De los Santos sent the libretto – the words and pieces the singers sing in an opera – to Borzoni, who has composed songs and song cycles for many leading vocalists (his honors include the Morton Feldman Award, the Boston Metro Opera Festival Award, an artist residency with the American Lyric Theater’s Composer Librettist Development Program and the Queer Urban Orchestra’s 2018 composition contest).

Asheville Lyric Opera is staging "When Adonis Calls," based on the poetry of Black Mountain's Gavin Dillard.

 

The resulting work – “When Adonis Calls” — was selected for inclusion in Fort Worth Opera's Frontiers showcase, and then performed in concert by operamission in New York City (the opera will also be performed by the Thompson Street Opera in Chicago in November). It won the Opera America 2017 New Works Forum Award and the 2015 Fort Worth Opera Frontiers Showcase.

Moving around piles of books on the floor, the dancers in “When Adonis Calls” (Asheville dancers Gavin Stewart and Alan Malpass) will dance the emotions that the two baritones (Trevor Martin and Joshua Jeremiah), portraying the poets, are projecting. “They (the dancers) emote what the poets are unable to,” Dillard said. “The two poets don’t meet until the last seconds of the (opera). They never touch, but the dancers do. They’re flirting with the poets, with each other, showing despair and all the emotional subtext.

“The romance in this is a metaphor. It’s less about them coming together emotionally then it is them coming together artistically. The (story) arch has them switch sides. The muse is pushy and seductive in the beginning, trying to turn on the older, tired poet. That switches, and the muse becomes shy and daunted while the poet finds himself again taking charge. The scrapping back and forth, the tension, is really about inspiration.”

This isn’t the first time Asheville Lyric Opera has performed work built upon Dillard’s poetry. In July 2017, vocalists scheduled to perform in the Asheville Lyric Opera’s production of “The Elixir of Love” in Asheville also appeared at a performance of “BARK!,” Dillard’s work, at the Masonic Temple.

“We were struck by all those beautiful words supported by all that beautiful music,” said Michael A. Ciavaglia, ALO’s music director designate. The ALO board decided to produce “When Adonis Calls” because “it’s not just a fantastic piece of art, but it’s also a fantastic piece of art by a really remarkable poet.”

Doing work by and with local artists is part of Asheville Lyric Opera’s mission, Ciavaglia said. The opera company often hires national and international singers, but it also hires local performers when it can.

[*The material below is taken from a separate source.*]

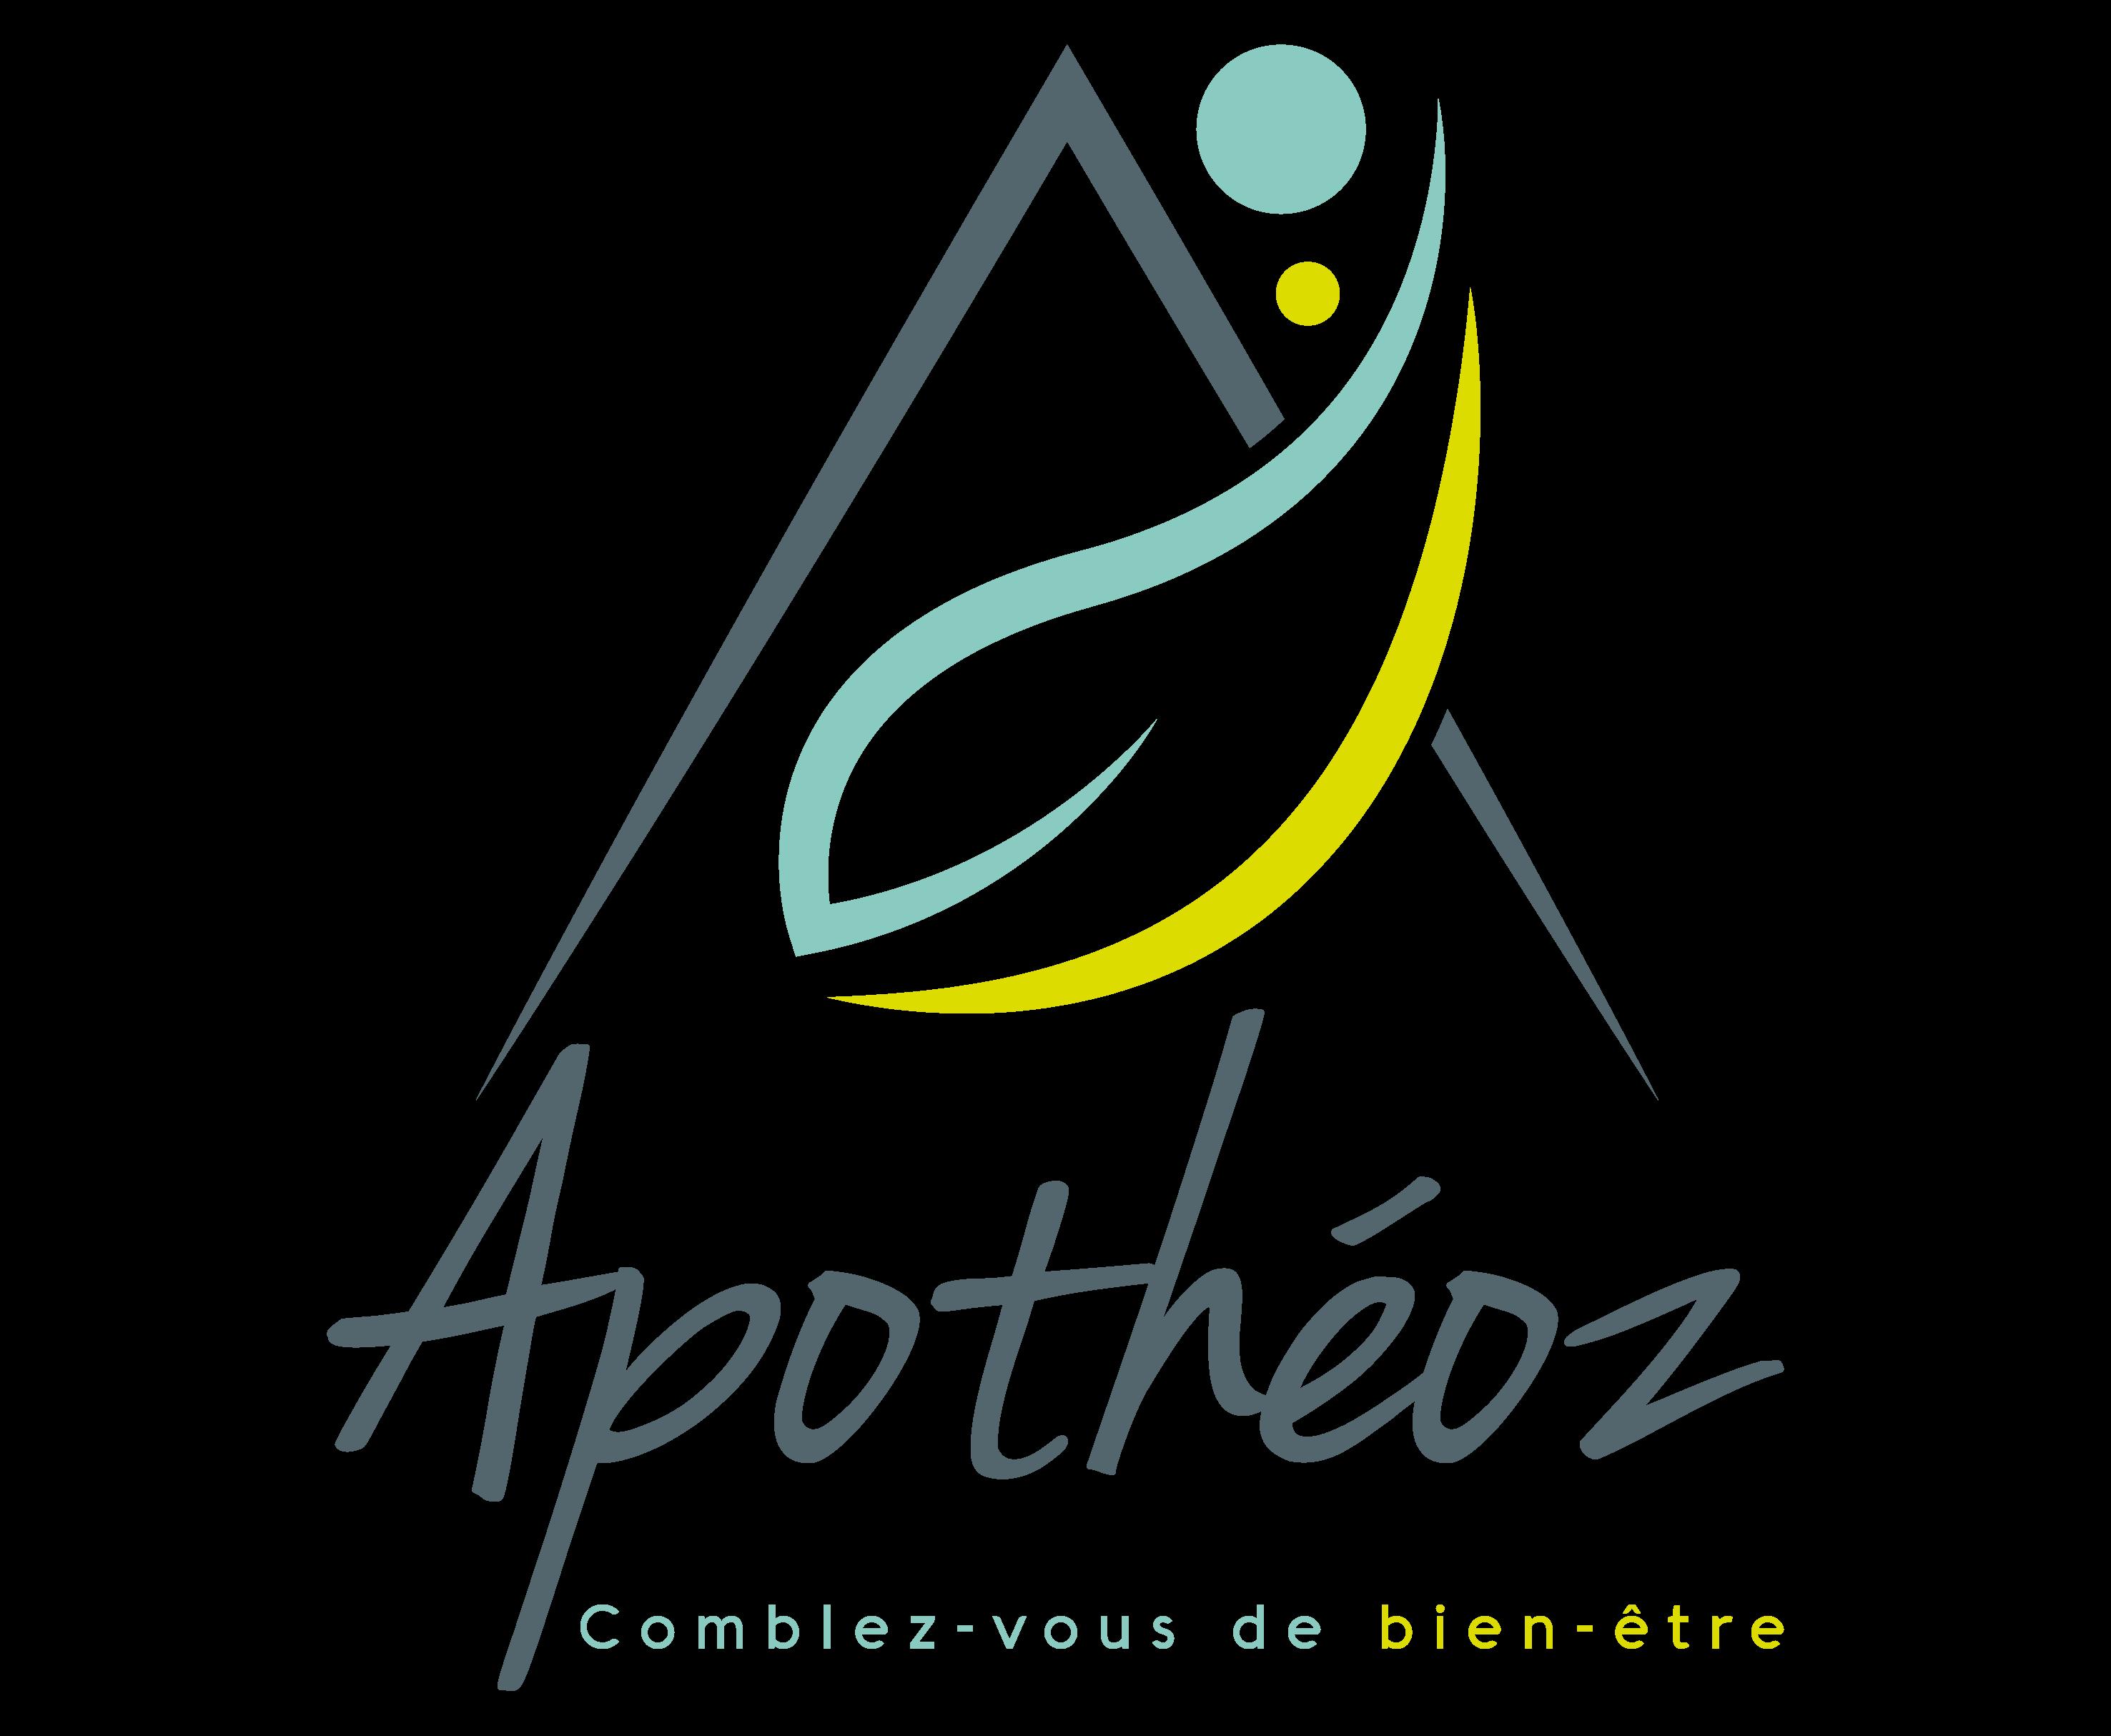 Apotheoz

“This is such an exciting thing for us, and for Gavin,” Ciavaglia said.

“When Adonis Calls” is loosely based on the “subtext” of Dillard’s life, he said, but it’s not biographical. Dillard’s first book of poetry was published when he was 17. In San Francisco, he was known as the Naked Poet for his performances in the buff.

He has since penned songs, suites and cantatas with and for Jake Heggie, Peter Allen, Chanticleer, Disney, Anne Rice, Cantaria, and numerous classical composers. He has also written comedy and patter with and for Dolly Parton, Joan Rivers, Peggy Lee, Vincent Price and Lily Tomlin. His musical “BARK!” is scheduled to play in August at the Edinburgh, Scotland Fringe Festival (the Asheville Community Theatre produced “BARK!” as well).

The poster for “When Adonis Calls” shows a discreetly shielded man, naked and sprawled on piles of books. “There are those that would say this is a gay opera, but it’s simply an opera with men,” Dillard said. “Would we call every other opera a ‘straight’ opera?”

As far as any possible nudity, “you have to show up to find out,” he said. “I will say that the piece is evocative.”